How does a computer display characters

In our post on “Rambling: How to Explain to Your Girlfriend Why computers Only know Zeros and ones”, “, in the computer world, only 0 and 1 characters, all data need to be represented by binary, such as 52 English letters (uppercase + lowercase), Arabic numerals and common symbols in the computer need to be represented by binary.

So, for all the characters we see on a computer, there needs to be a way to put them in binary representation.

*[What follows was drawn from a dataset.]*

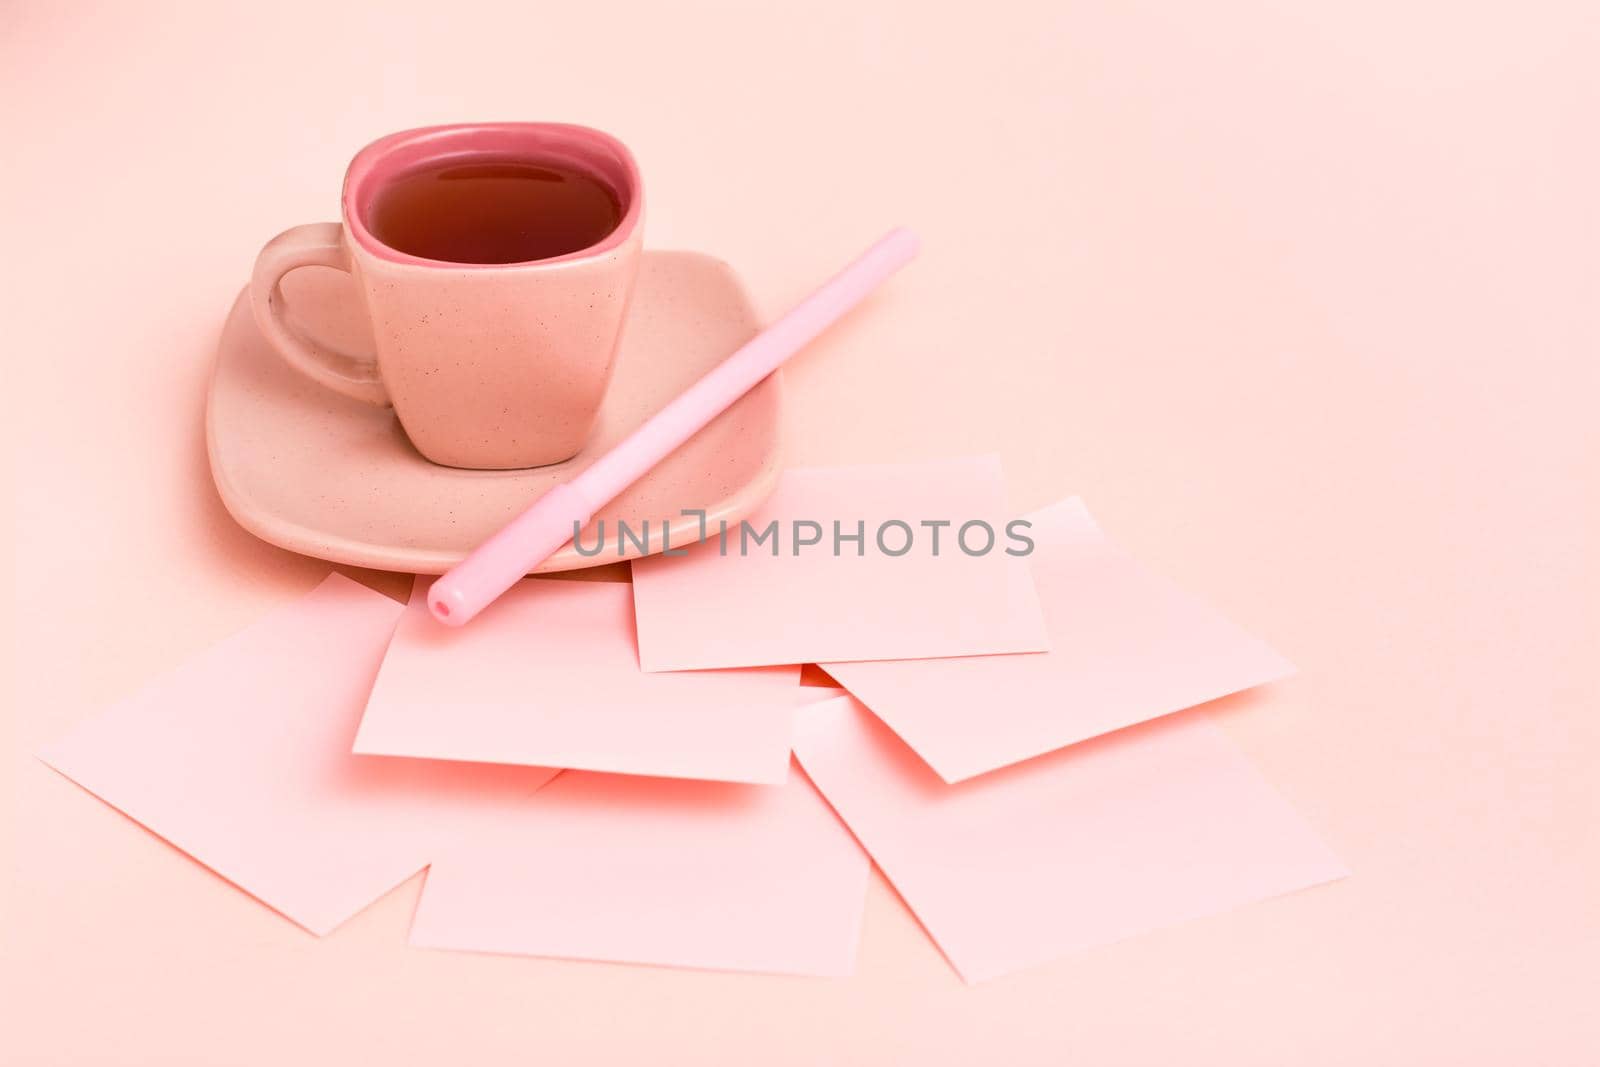 The concept is pink. Pink drink in a coffee cup, writing sheets and pen on a pink background
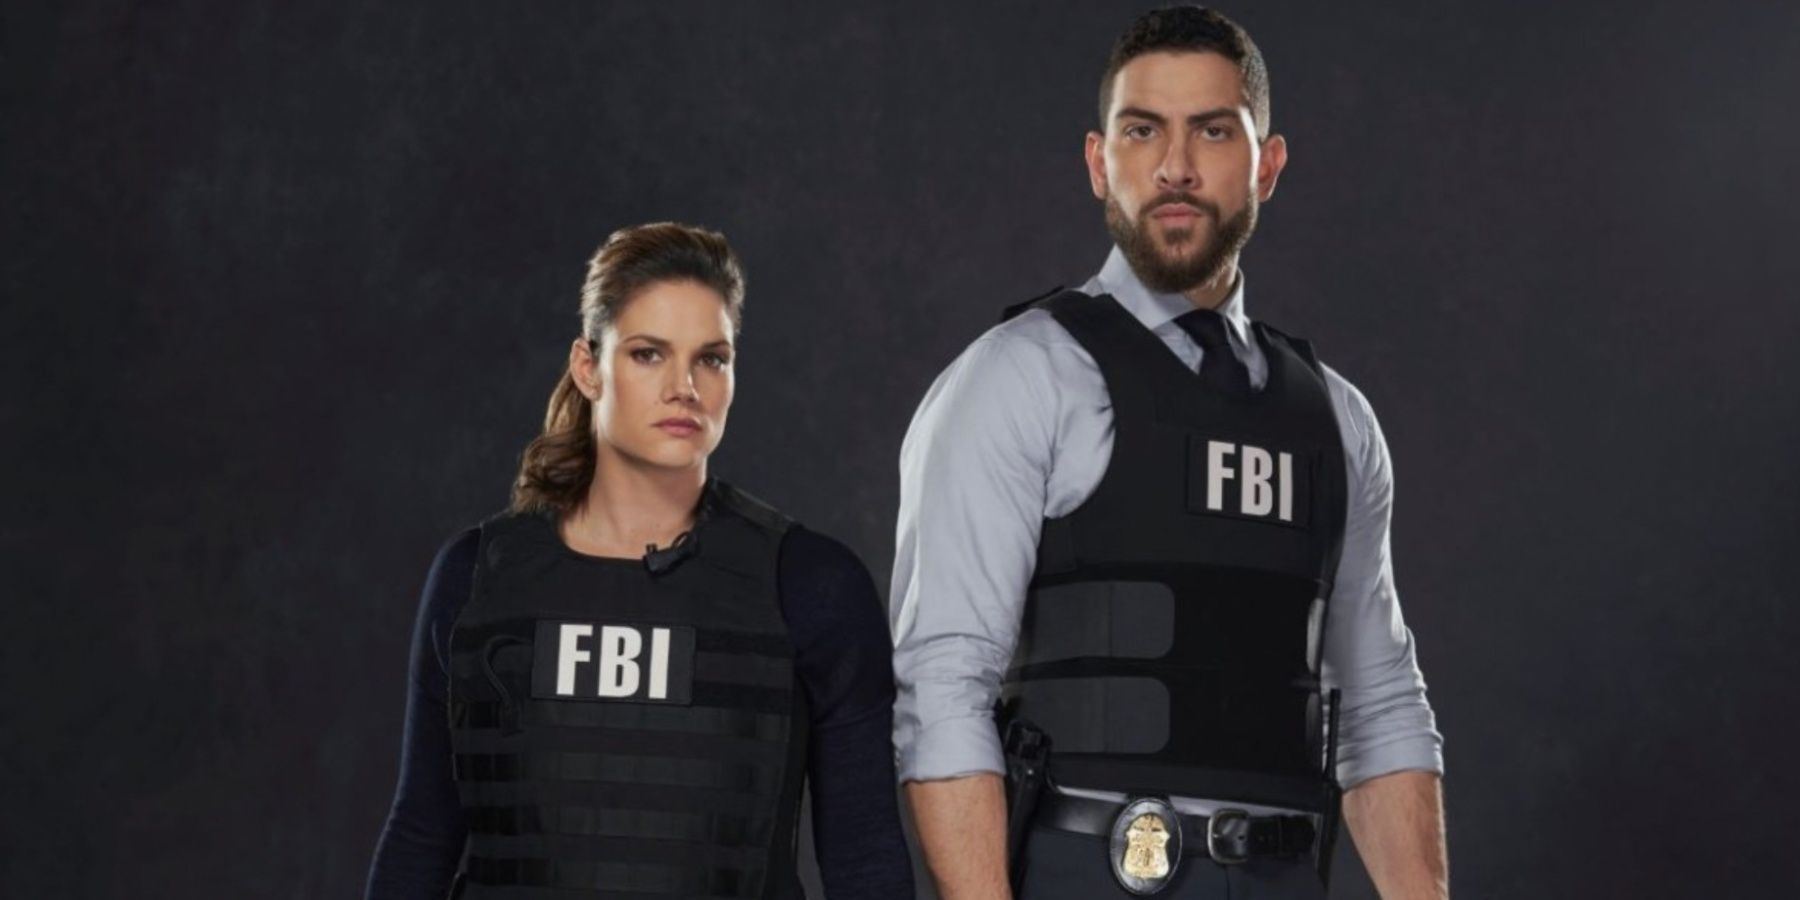 FBI Season 6: Release Date, Cast, Story & Everything We Know

This process of transformation requires mapping through character codes, as we did in “Ramble: How to Explain to Your Girlfriend what a Charles Shackle is”. In order to convert characters into binary, many character encoding standards have been developed, including Unicode, GBK and so on.

So, with the character encoding, the computer can recognize the character we want to enter, but it is still more complicated to display it, the general process is as follows:

When we type a character on the keyboard, the computer converts the character to binary through Unicode.

Next, query the Charmap in the font file with the obtained Unicode encoding value and convert the encoding value into a glyphs index.

Once you have the glyph index, you can load the corresponding glyph image.

The glyph image can then be graphically rendered and displayed on the monitor.

You may not know much about font indexing and graphics rendering, but all you need to know is that in order for a character to appear on a computer, you need the following three conditions:

1. Input method supports the input of this character

2. Unicode encoding supports binary conversion of this character

3. Fonts installed on your computer contain this character

The input method supports character sets

Since there are tens of thousands of Chinese characters, it is impossible for a computer keyboard to create a key for each character. Therefore, people need to make up a set of input codes (codes to retrieve Chinese characters) for Chinese characters, using several keys to enter a Chinese character. The tool for converting multiple key inputs into Chinese characters is The Chinese input method.

At present, most of the more common Chinese input methods on the market use GBK as the character set.


GBK contains a total of 21886 Chinese characters and graphic symbols, including 21,003 Chinese characters (including radicals and components) and 883 graphic symbols. However, there are far more than 20,000 Chinese characters, so many rare characters cannot be typed by input method, such as the character biang in “Biang biang noodles”.

In addition, some input methods use a relatively complete character set (Unicode, etc.), such as Zheng code, Cang Jie and other input methods can input some rare characters.

Unicode

A character can be displayed on a computer only if it can be translated into binary, that is, if a character is not included in Unicode, it cannot be displayed anyway.

Therefore, at present, a lot of Chinese characters rare characters, and some emoji are unable to type out.

However, Unicode is constantly being updated, with the most recent update being the release of Unicode 13.0 on March 10, 2020. Unicode 13.0 adds 5,930 characters to its current total of 143,859 characters.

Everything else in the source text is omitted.